Indeed, nearly two dozen Israeli companies went public on capital markets or via SPAC mergers so far this year, including Monday.com’s Nasdaq IPO in June at a post-money valuation of $6.8 billion, SimilarWeb’s New York Stock Exchange (NYSE) IPO in May, and WalkMe’s IPO on the Nasdaq, also in June. The SPAC boom included Ironsource’s merger deal with Thoma Bravo Advantage at a valuation of approximately $11.1 billion, Israeli-founded online payments startup Payoneer’s $3.3 billion SPAC merger, and Israeli content recommendation firm Taboola’s SPAC merger with ION Acquisition Corp and trade on the Nasdaq at a valuation of $2.6 billion.
“These companies, especially those that went public in the US, completed their IPO at very high valuations, and most raised their valuation following the IPO,” added Rimon. We anticipate this trend to continue in the near future, albeit possibly more moderately than in the first half of 2021.”

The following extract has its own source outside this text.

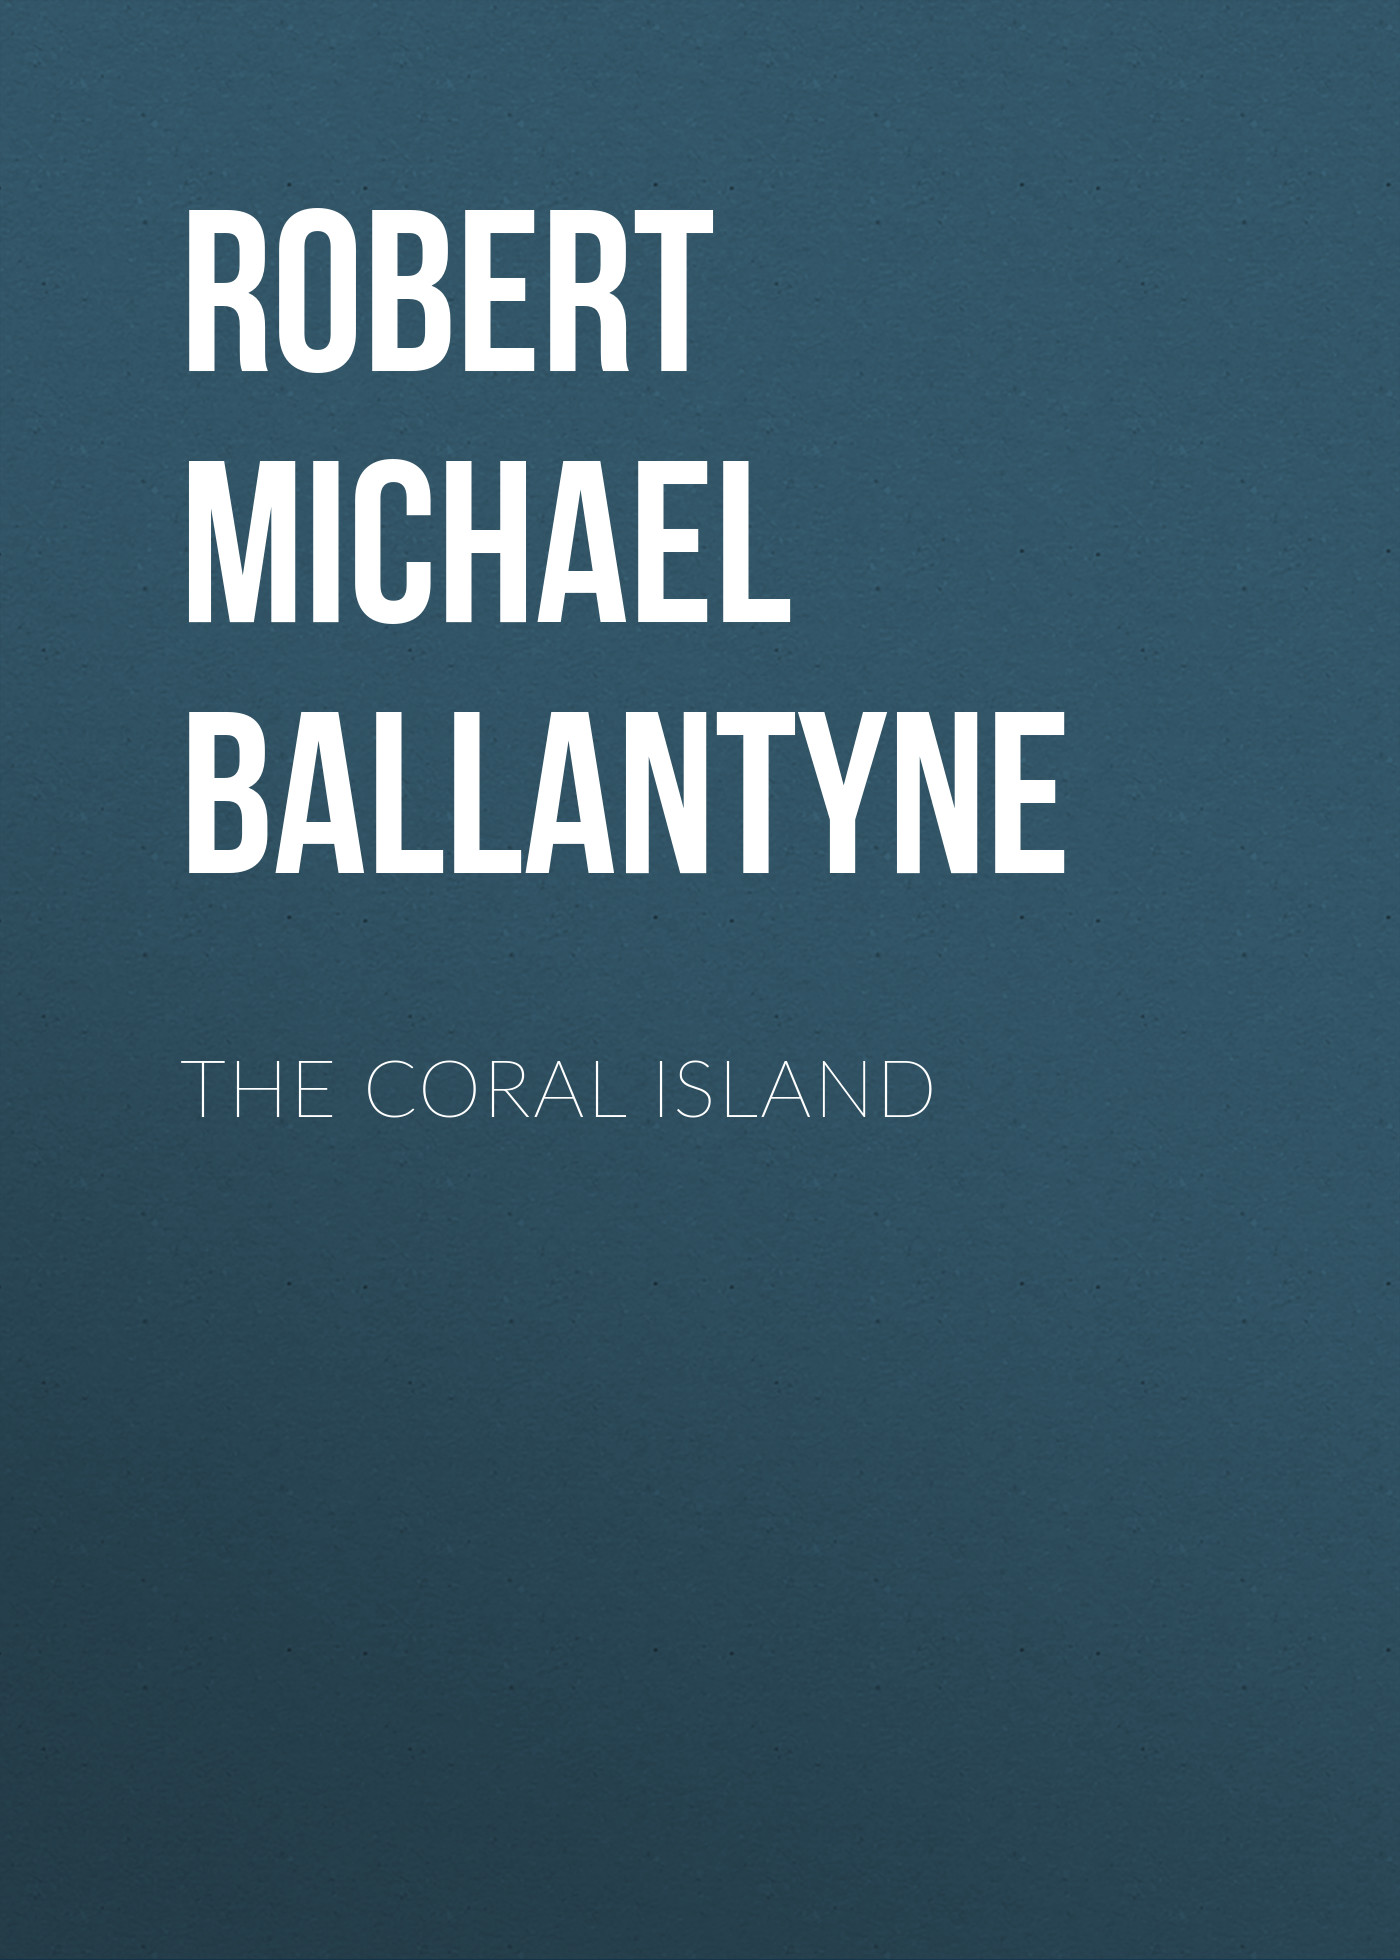 Книга The Coral Island из серии , созданная Robert Michael Ballantyne, может относится к жанру Детские приключения, Литература 19 века, Зарубежная старинная литература, Зарубежная классика, Зарубежные детские книги. Стоимость электронной книги The Coral Island с идентификатором 36095181 составляет 0 руб.

Itay Frishman, also a partner at Meitar said: “The Startup Nation wants to be a scale-up nation. Companies in Israel try to [keep up with] their counterparts in Silicon Valley. All those unicorn companies, including those that went public, will have to prove they deserve their high valuation.”
“Until recently most Israeli companies were sold or evaluated based on dreams and promises. Today, the Israeli high-tech market is ready for the next phase. The final outcome will be tested in the coming years. The future will determine if what we see is the real thing,” said Frishman.
M&As in H1 2021
The Israeli high-tech M&A deals in the first half of 2021 amounted to about $4 billion, a rate that was similar to 2020, which also saw a decline, said the report.
The three big acquisitions in 2021 so far were MyHeritage’s acquisition by Francisco Partners for $600 million; Prospera’s acquisition by Valmont for $300 million, and VDOO’s acquisition by JFrog, also for $300 million.
The low number and total value of M&As in the first half of 2021 is an expected result of the exits activity for the Israeli tech sector, said Shira Azran, a partner at Meitar.
“First, companies are able to raise significant capital at high valuations and prefer this over a sale. This is an outcome of the increase in the share of US growth and private equity funds in tech investments in Israel, deploying significant capital amounts into companies. Second, we see the patience and trust of investors in the ability of companies to reach high valuations and realize their investment in the capital markets and not necessarily through M&As,” she explained.